Return the listing verbatim, images left out.
══ Given material ══
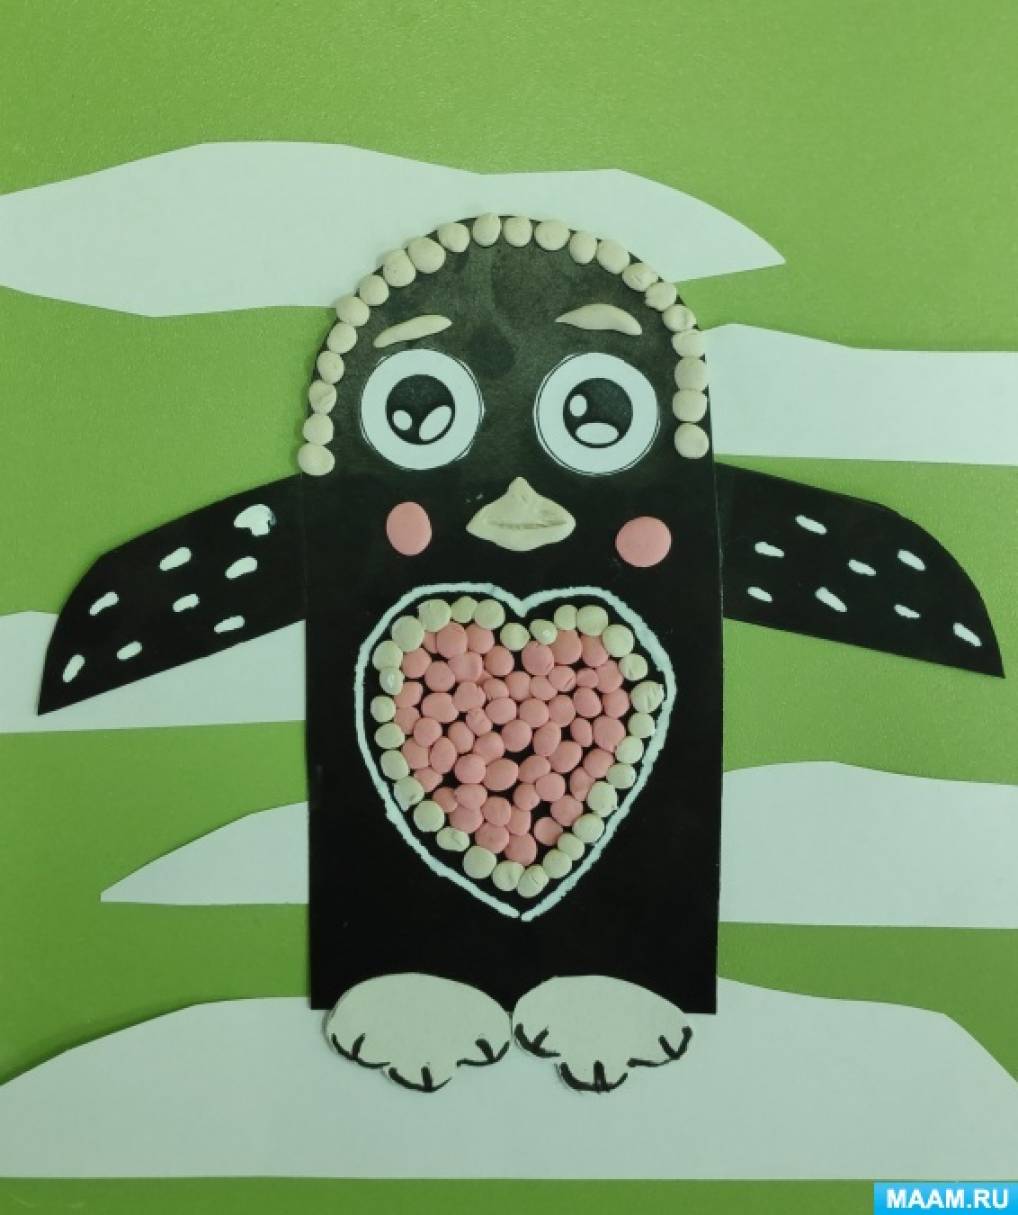 Детский мастер-класс «Поделка из картона с элементами пластилинографии «Пингвин с сердечком» к Дню пингвина на МAAM
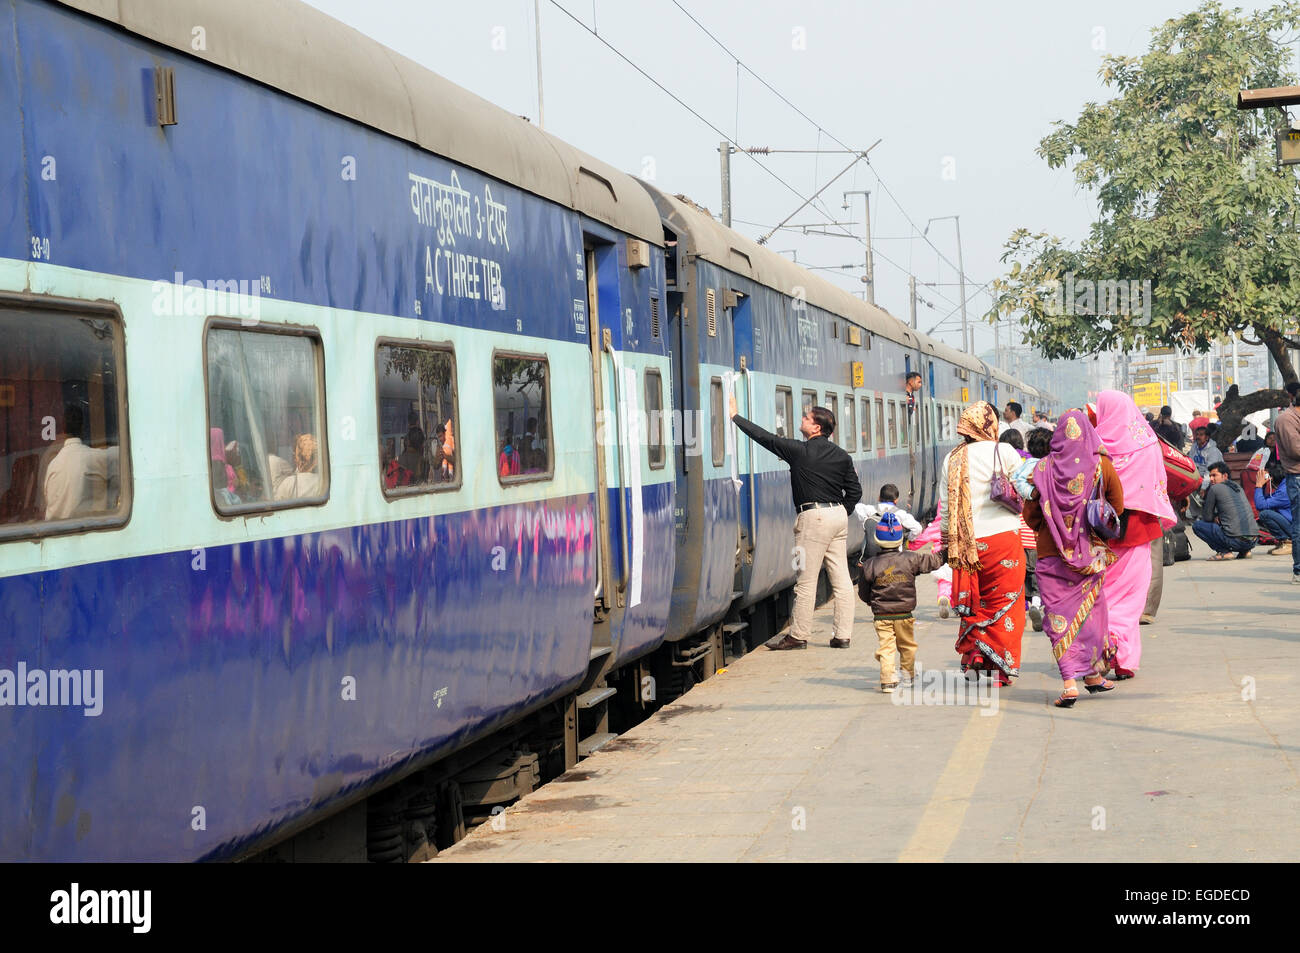 Les Indiens marche sur la plate-forme d'un bord d'un train gare de New Delhi Inde Banque D'Images
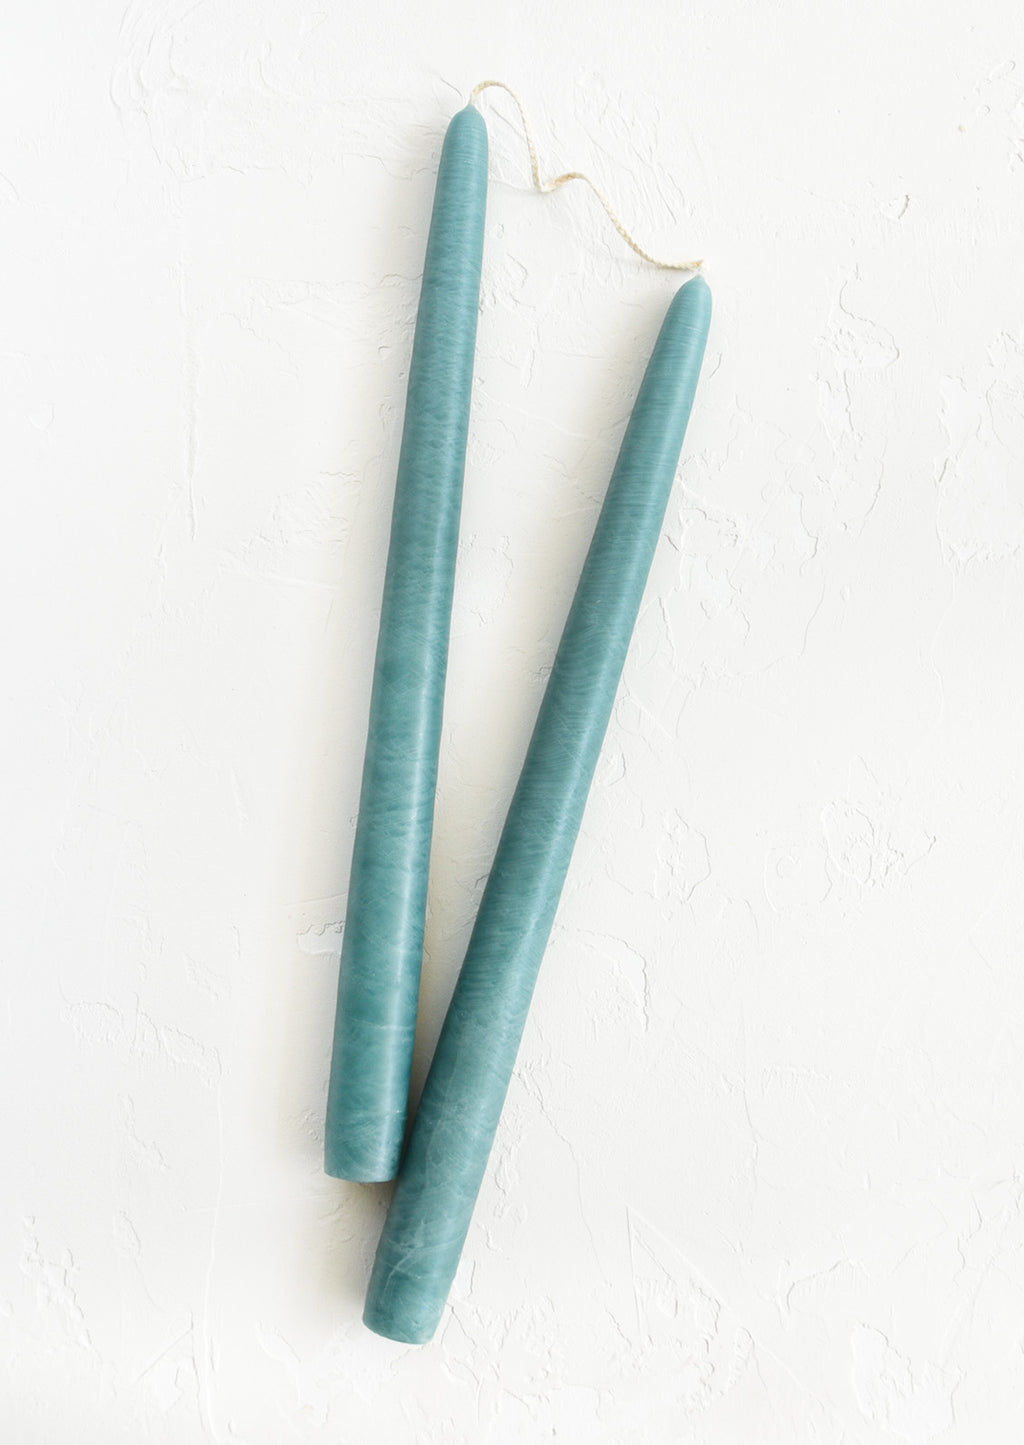 Aquamarine: Pair of taper candles in aquamarine
═══
§ Written answer:
 Детский мастер-класс «Поделка из картона с элементами пластилинографии «Пингвин с сердечком» к Дню пингвина на МAAM
 Les Indiens marche sur la plate-forme d'un bord d'un train gare de New Delhi Inde Banque D'Images
 Aquamarine: Pair of taper candles in aquamarine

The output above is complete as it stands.